Wayback Machine
The Wayback Machine is a digital archive of the World Wide Web founded by the Internet Archive, an American nonprofit organization based in San Francisco, California. Created in 1996 and launched to the public in 2001, it allows the user to go "back in time" to see how websites looked in the past. Its founders, Brewster Kahle and Bruce Gilliat, developed the Wayback Machine to provide "universal access to all knowledge" by preserving archived copies of defunct web pages.[1]
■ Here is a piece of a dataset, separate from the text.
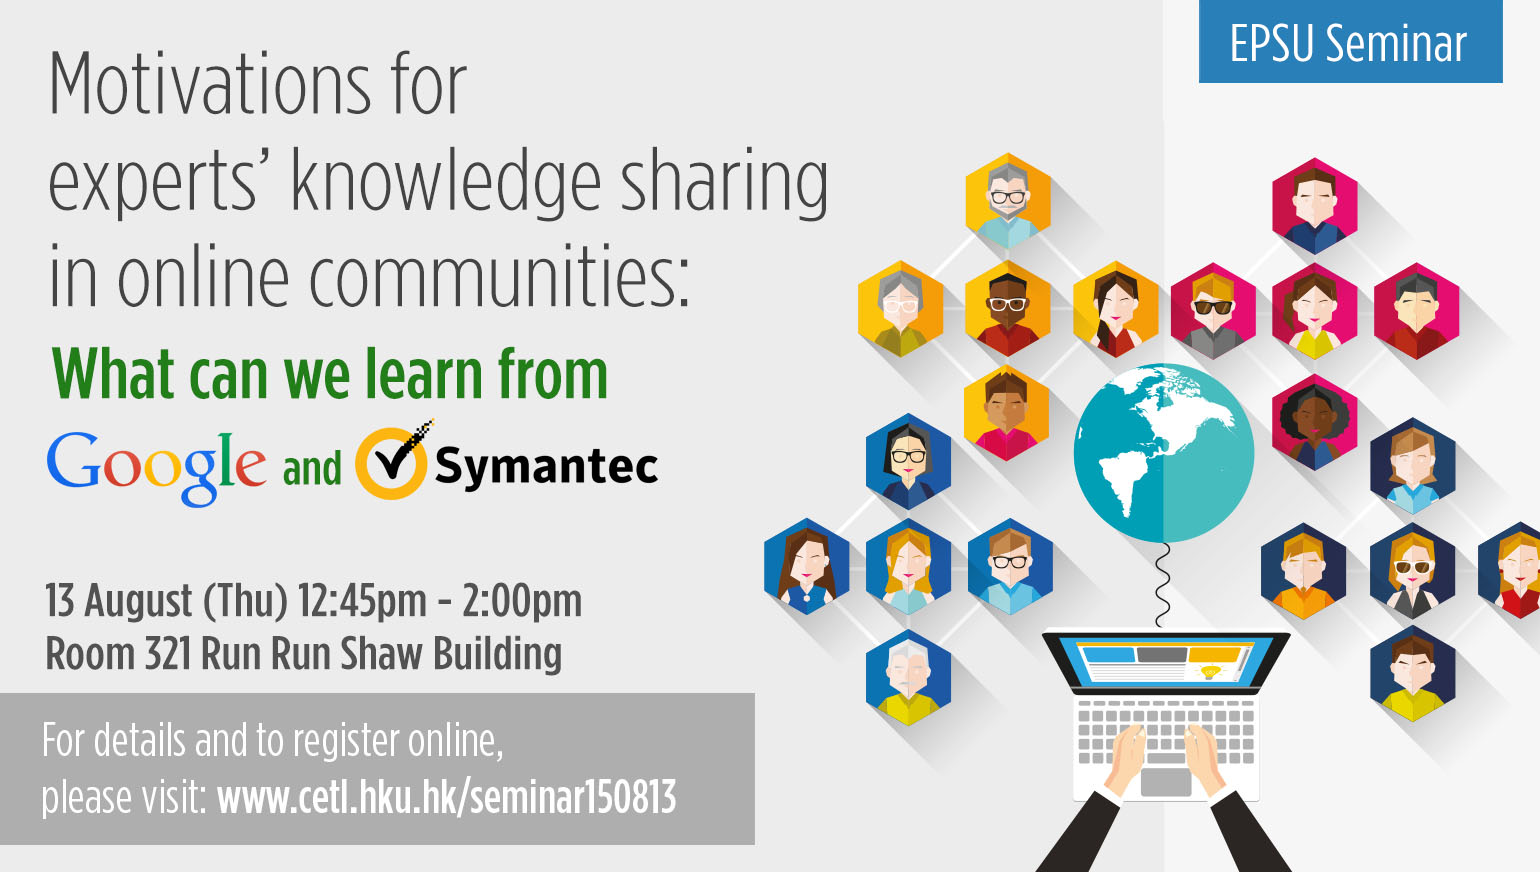 EPSU Seminar - Motivations for experts' knowledge sharing in online communities: What can we learn from Google and Symantec

For the time machine from Peabody's Improbable History, see Wayback Machine (Peabody's Improbable History).
Type of site
Archive
- May 10, 1996 (private)
- October 24, 2001 (public)
Worldwide (except China, Russia, and Bahrain)
No
Optional
Active
HTML, CSS, JavaScript, Java, Python
History[edit]
The Wayback Machine began archiving cached web pages in 1996. One of the earliest known pages was archived on May 10, 1996, at (UTC).[4]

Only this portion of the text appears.